As with refurbishing the housing stock to make it more heat and energy efficient this could be achieved with negligible tax and incentive measures. The Tyndall Centre’s assessment of the EWP is damning and precise: ‘The climate change premise of the energy white paper is admirable. By contrast, the content is not commensurate with the Government’s 2°C commitment nor its claim to be providing ‘international leadership’ through ‘the credibility and influence’ of its domestic policies.

‘Given the Government’s acknowledgement of the seriousness of the climate change threat, the EWP only serves to reinforce the shameful political expedience of current UK policy.’

If we do act to use the world’s remaining meagre reserves of fossil fuels to switch to renewable technologies over the next 23 years, the future is bright. We will still have the security of a home, that is energy-efficient, we will still be able to enjoy our electrical gadgets, we will still be able to drive.

There will be constraints on production, but productivity will become to be measured on quality (longevity) rather than quantity of units produced, to conserve resources and energy use. But while there are potential job losses in manufacturing there are potential job gains in the service sector. The growth potential for small and medium enterprises is immense, as would be the export potential to our knowledge economy of gaining the firstmover advantage in switching to pioneering renewable technology.

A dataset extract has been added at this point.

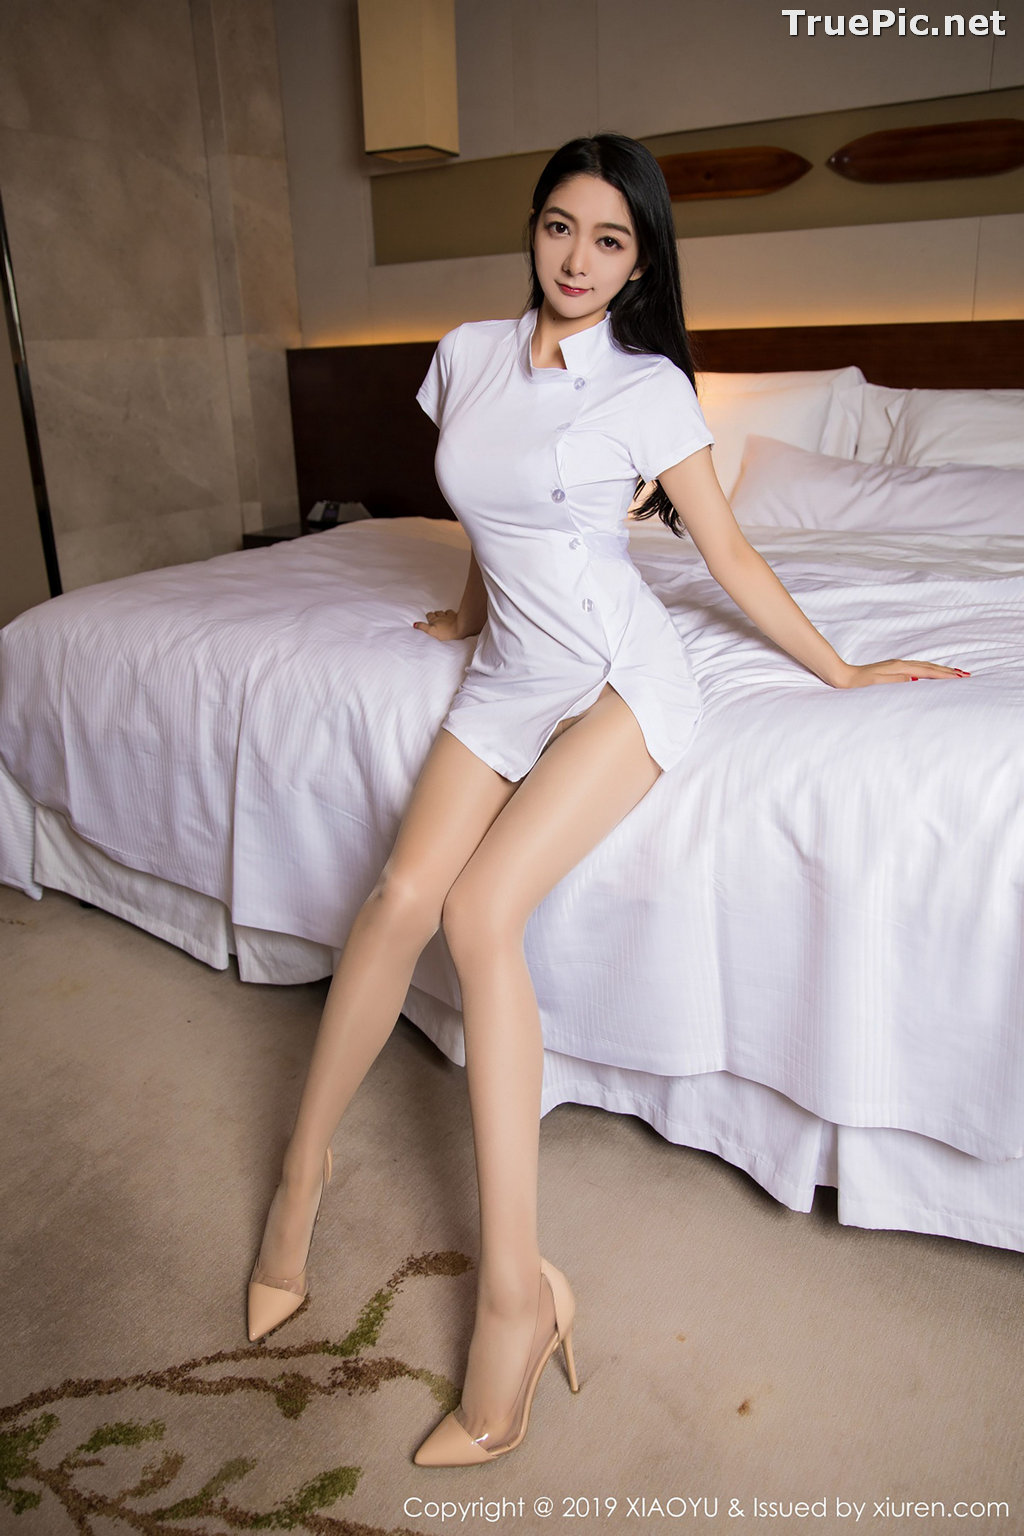 Image XiaoYu No.004 - Chinese Model - Xiao Reba (Angela喜欢猫) - White Sexy Nurse - TruePic.net - Picture-1

The billions of pounds we currently spend on importing fossil fuels would instead be spent within the UK. The switch over will change our working patterns and habits, as is to be expected from what is essentially the third industrial revolution. As a semi decentralised system, it will be resilient to failure or attack and eventually supplemented by a smart grid where households become renewable generators.

If we don’t make the switch, our horizons will narrow to a degree that few of us in the developed world can begin to imagine. If we fail to embrace the future we will be left hostage to fortune.

As Colin Challen MP, chairman of the all-party committee on climate change, said at the launch of the CAT report: ‘We should not be asking our politicians can we do this – we should be asking why aren’t we doing this.’

Some alternatives to current sources of energy:

Power On - Clean Coal

Power On - Energy from Waste

Power On - Nuclear Power

Power On - Wind

Power On - Tidal Power

Power On - Solar Power

 

Energy glossary

Kilowatt-hour (kWh):

A kilowatt-hour is the standard ‘unit’ of power that appears on your bill. In the UK, the average household uses 3,300 kWh of electricity and 20,500 kWh of gas every year.

Megawatt-hour (MWh):

One megawatt hour is equal to 1000 kilowatt-hours.

Gigawatt-hour (GWh):

One gigawatt-hour is 1000 megawatt-hours.

Terawatt-hour (TWh):

One terawatt-hour is 1000 gigawatt-hours.